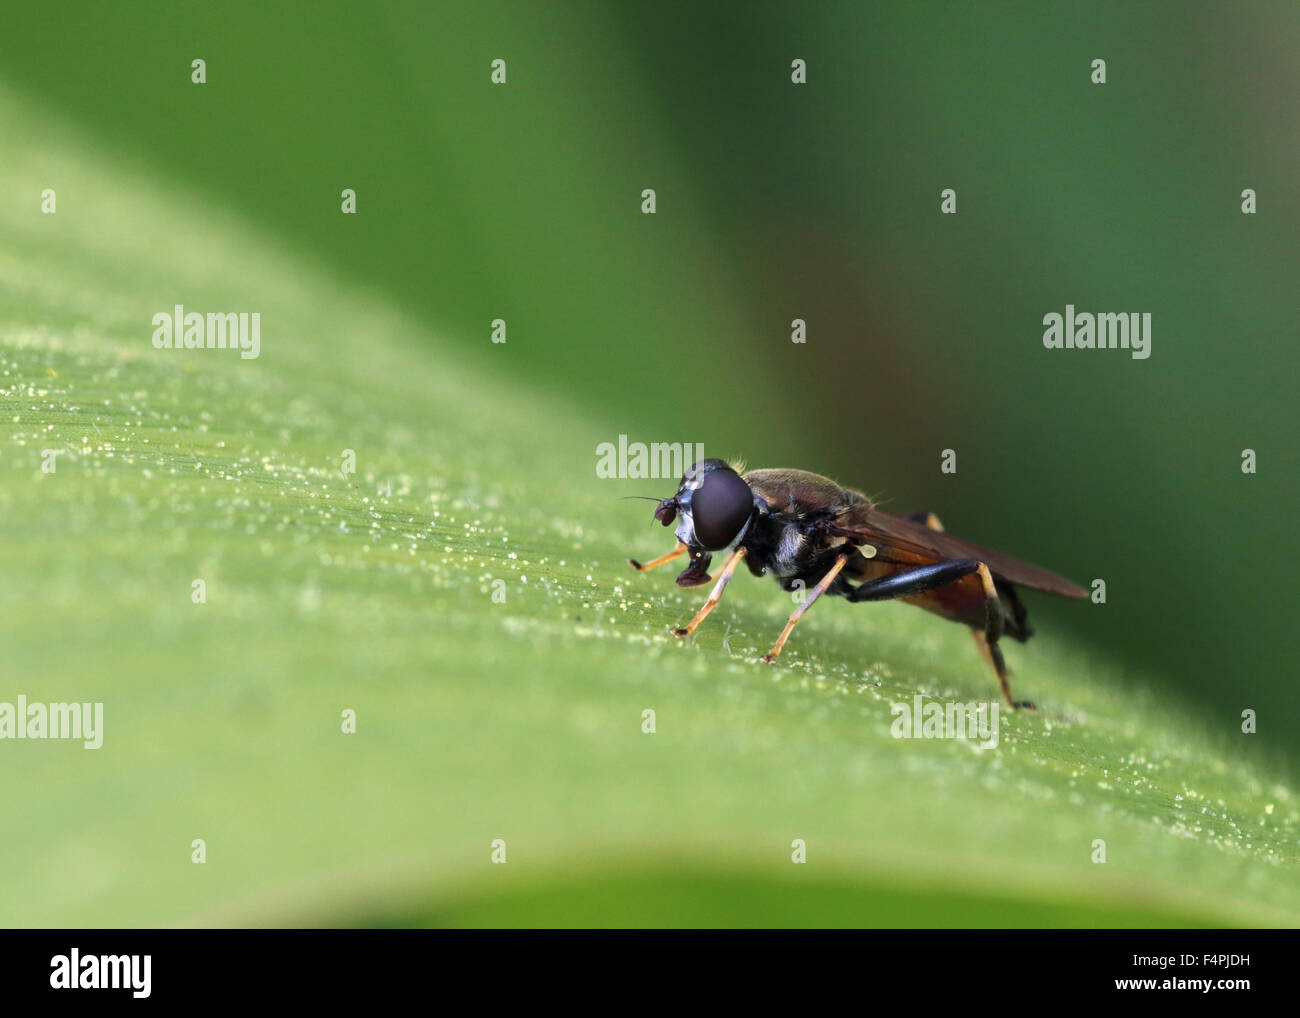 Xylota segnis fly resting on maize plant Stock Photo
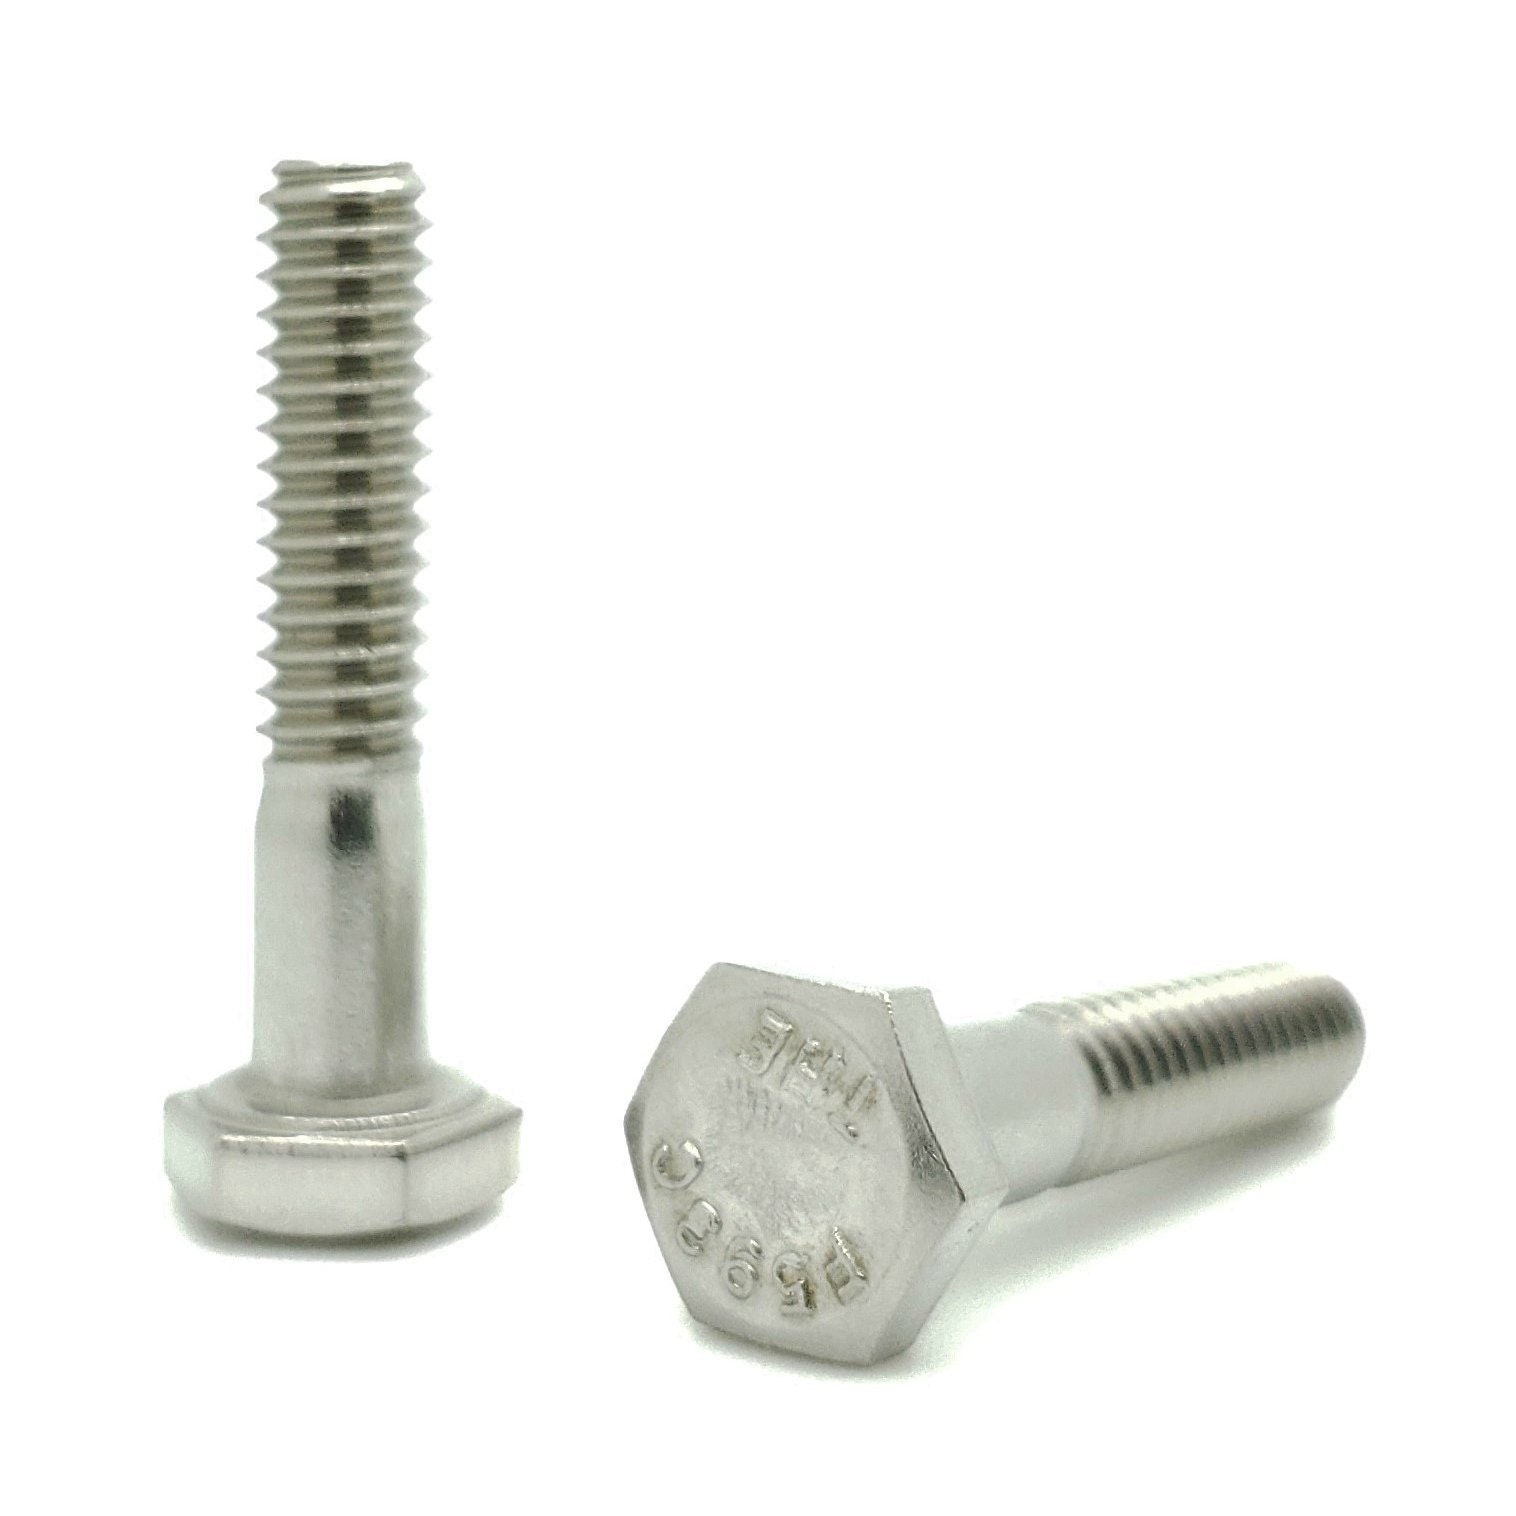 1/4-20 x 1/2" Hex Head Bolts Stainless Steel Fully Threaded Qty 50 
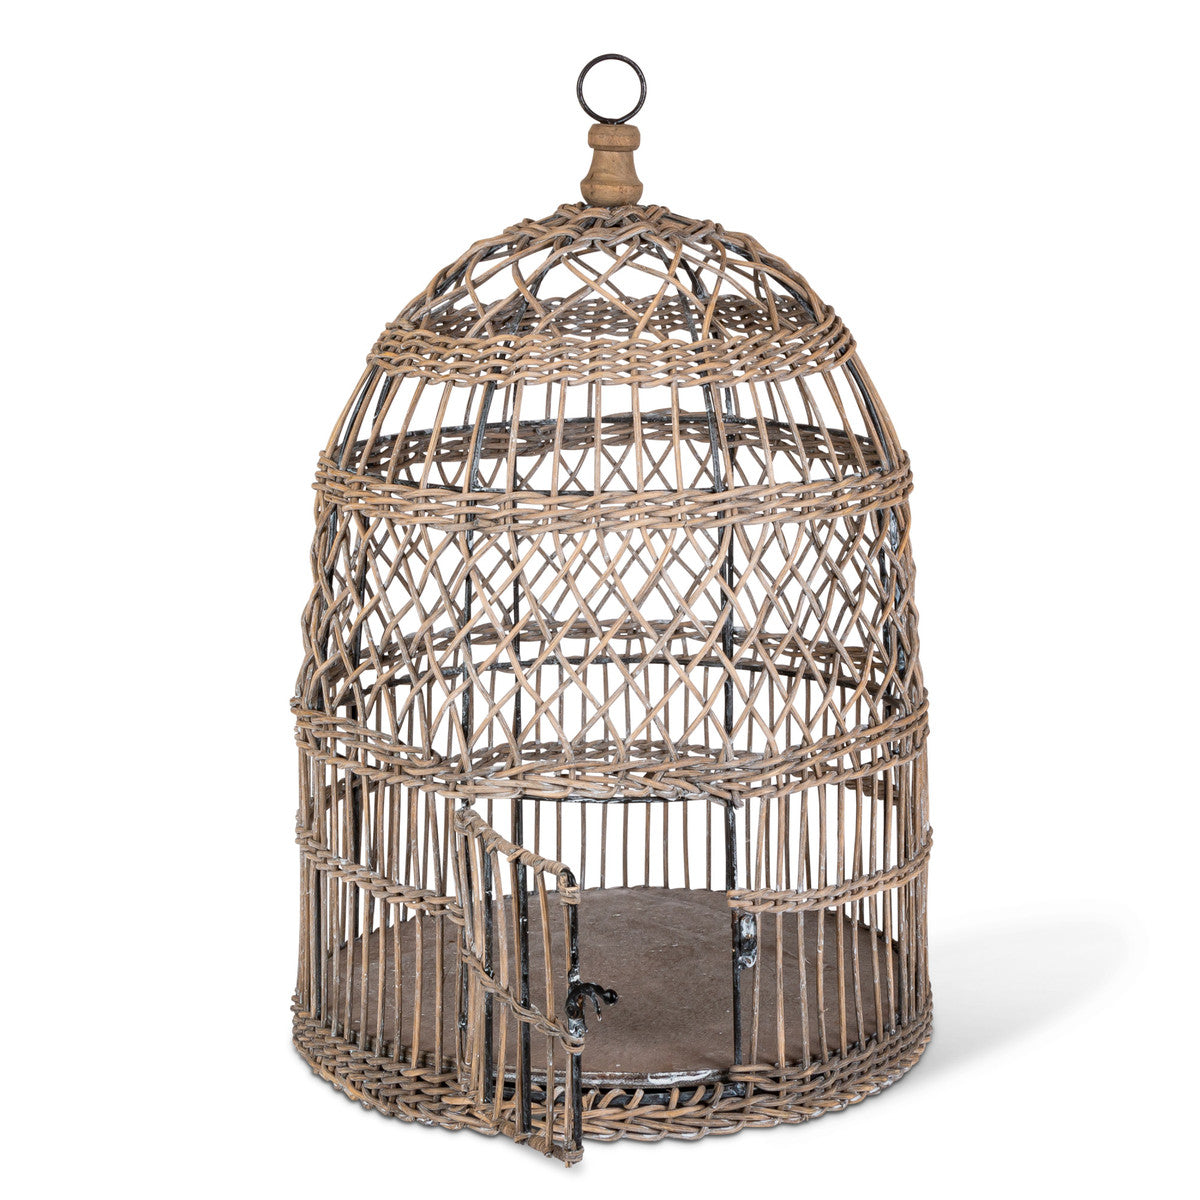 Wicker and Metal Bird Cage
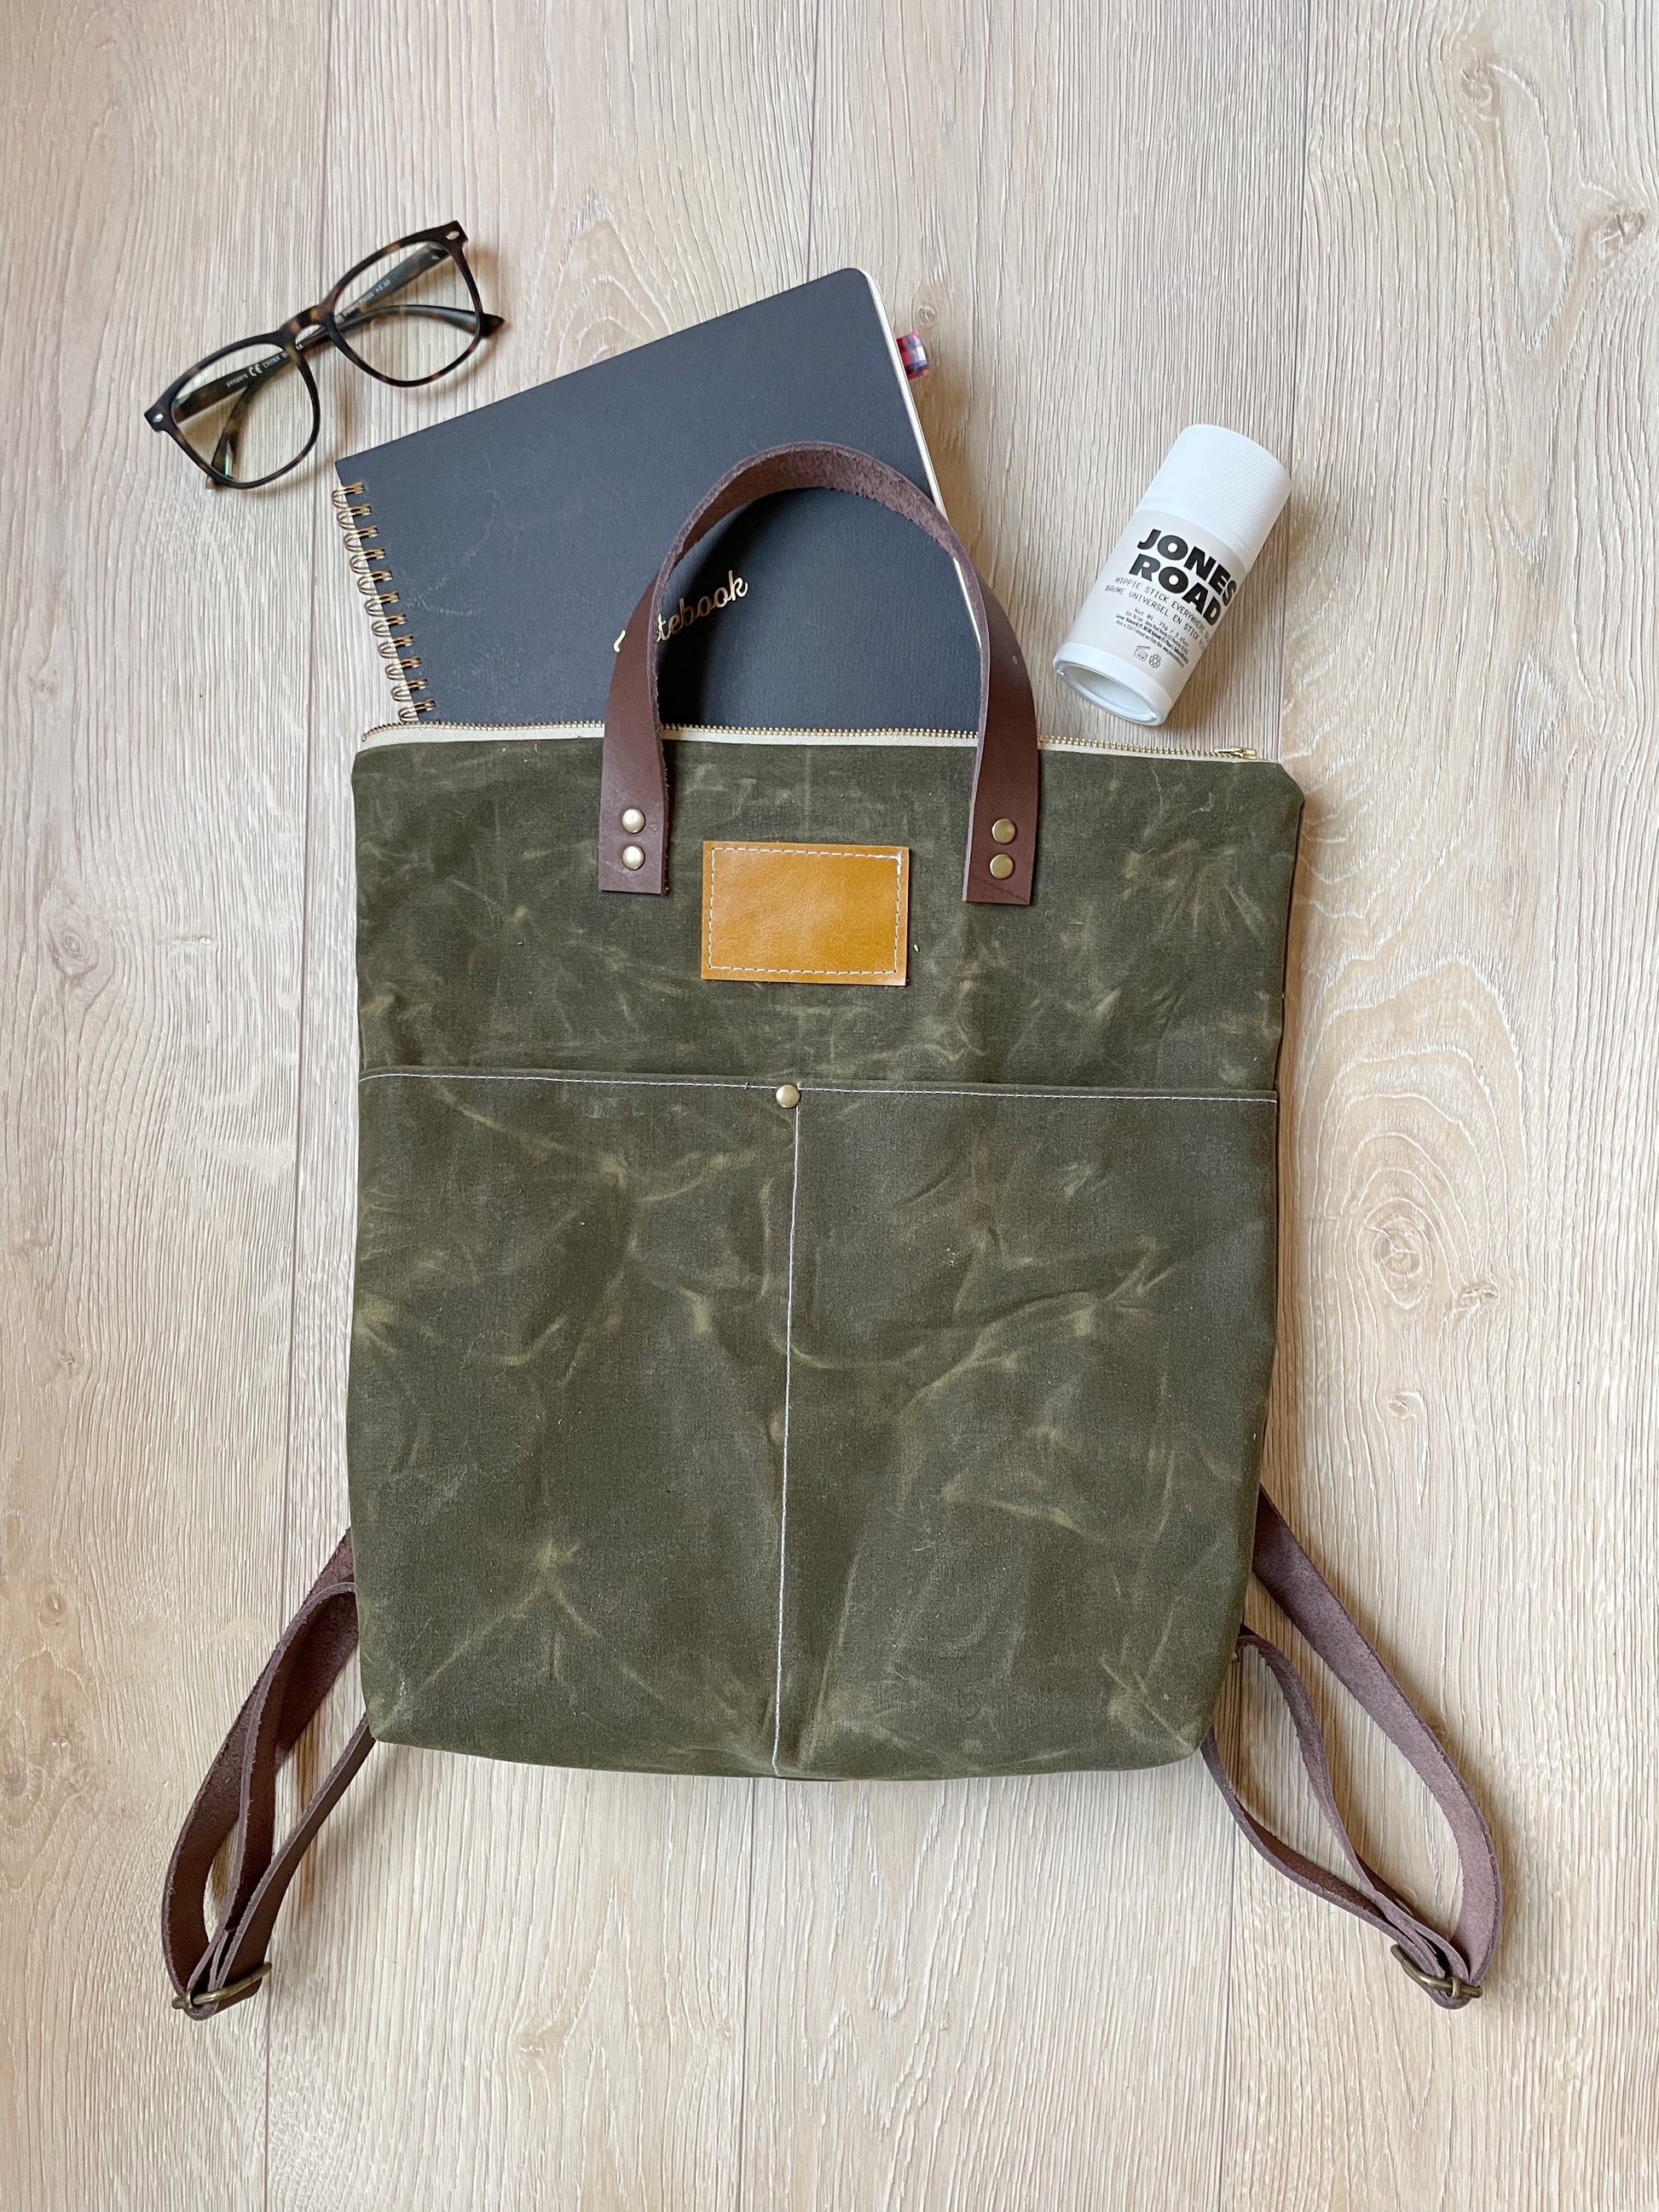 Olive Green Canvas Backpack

- - - - -

→ **Task description**
Write out all the material verbatim, images excluded.

→ **Reply to the exercise**
 Xylota segnis fly resting on maize plant Stock Photo
 1/4-20 x 1/2" Hex Head Bolts Stainless Steel Fully Threaded Qty 50 
 Wicker and Metal Bird Cage
 Olive Green Canvas Backpack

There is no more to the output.